It is a figure which illustrates the power supply state determination apparatus which concerns on this embodiment. It is a figure explaining a power supply system abnormality determination flow. It is a figure explaining the abnormality determination flow of 2nd voltage sensor S2. It is a figure explaining the abnormality determination flow of a main DC / DC converter. It is a figure which illustrates the conventional power supply state determination apparatus.
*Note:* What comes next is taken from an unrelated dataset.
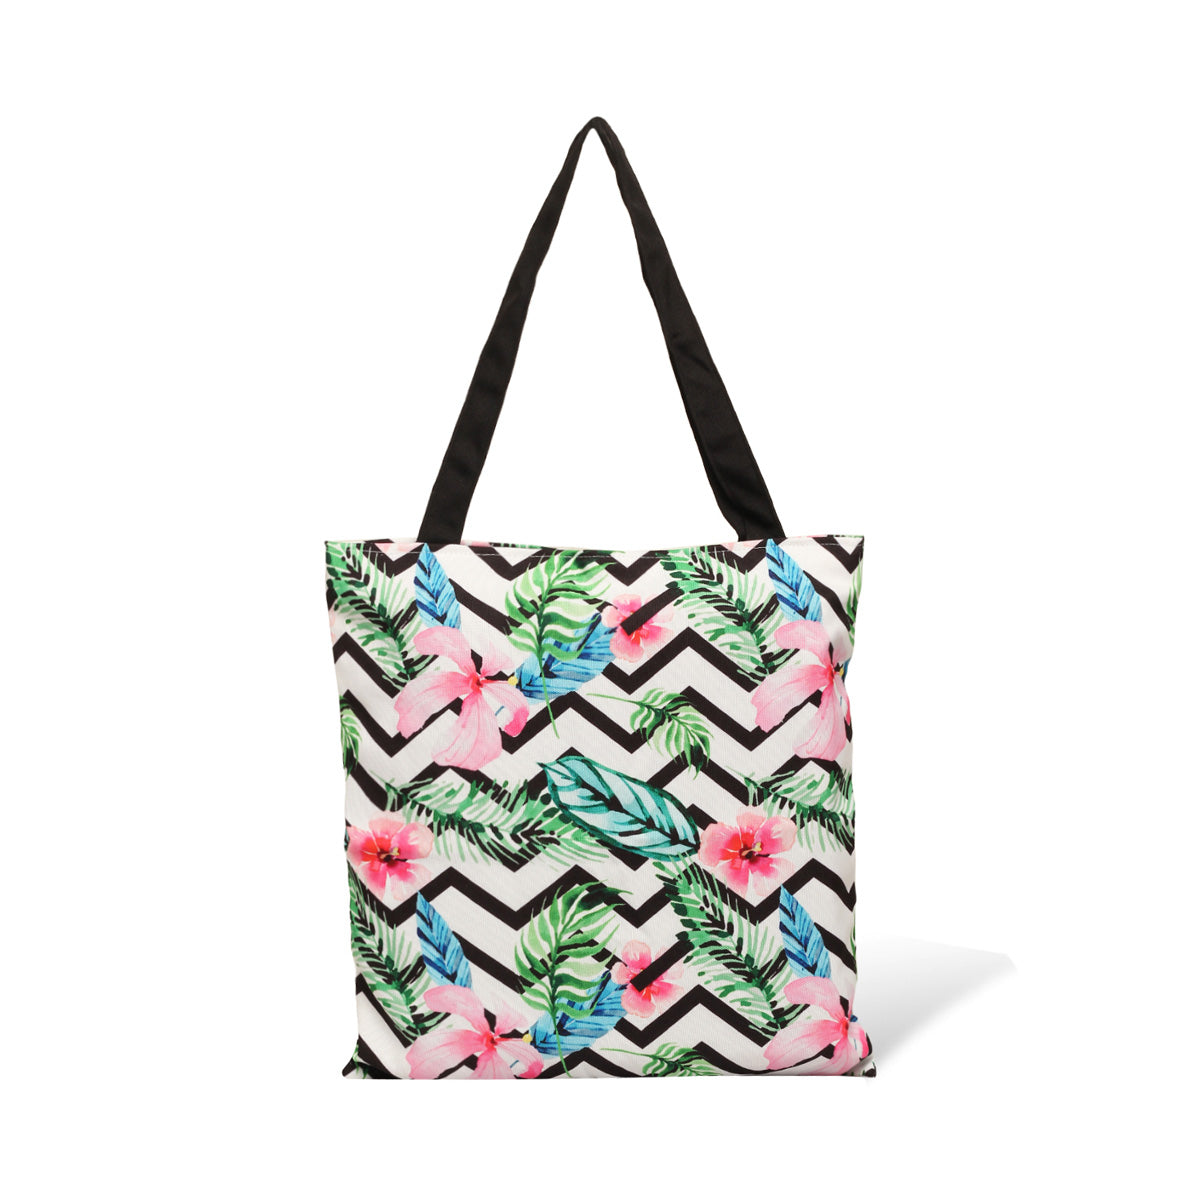 Stylish tote bag featuring tropical design and black handles.

  FIG. 1 shows a power supply system state determination apparatus 10 according to the present embodiment. The power supply system state determination device 10 includes a first voltage sensor S1, a second voltage sensor S2, a third voltage sensor S3, and a control unit 12. In addition, the power supply system state determination device 10 is electrically connected to the power supply system 22. The power supply system 22 includes a secondary battery 14, a rotating electrical machine 16, a main DC / DC converter 18, an inverter 19, and a sub DC / DC converter 20. In addition, the power supply system 22 and the power supply system state determination device 10 are mounted on a vehicle using the rotating electrical machine 16 as a drive source. For example, the power supply system 22 and the power supply system state determination device 10 are installed in a vehicle such as a hybrid vehicle (HV), a plug-in hybrid vehicle (PHV), Installed.

  The secondary battery 14 functions as a power source for the power system 22. The secondary battery 14 may be a chemical battery that can be charged and discharged, and is constituted by, for example, a nickel hydride storage battery or a lithium ion storage battery. The rotating electrical machine 16 may be an electric device that can be switched between a power running state driven by receiving power from the secondary battery 14 and a regenerative state for supplying power to the secondary battery 14. It consists of a magnet motor.

  The main DC / DC converter 18 is connected between the secondary battery 14 and the inverter 19. The main DC / DC converter 18 functions as a voltage converter that boosts the voltage applied from the secondary battery 14 and steps down the voltage applied from the rotating electrical machine 16. The main DC / DC converter 18 may be an electronic device including a voltage conversion circuit, and includes, for example, a step-up / step-down chopper circuit or a two-quadrant chopper circuit having a switching element such as an IGBT or a MOSFET. Hereinafter, the secondary battery 14 side from the main DC / DC converter 18 is referred to as a primary side, and the inverter 19 side from the main DC / DC converter 18 is referred to as a secondary side.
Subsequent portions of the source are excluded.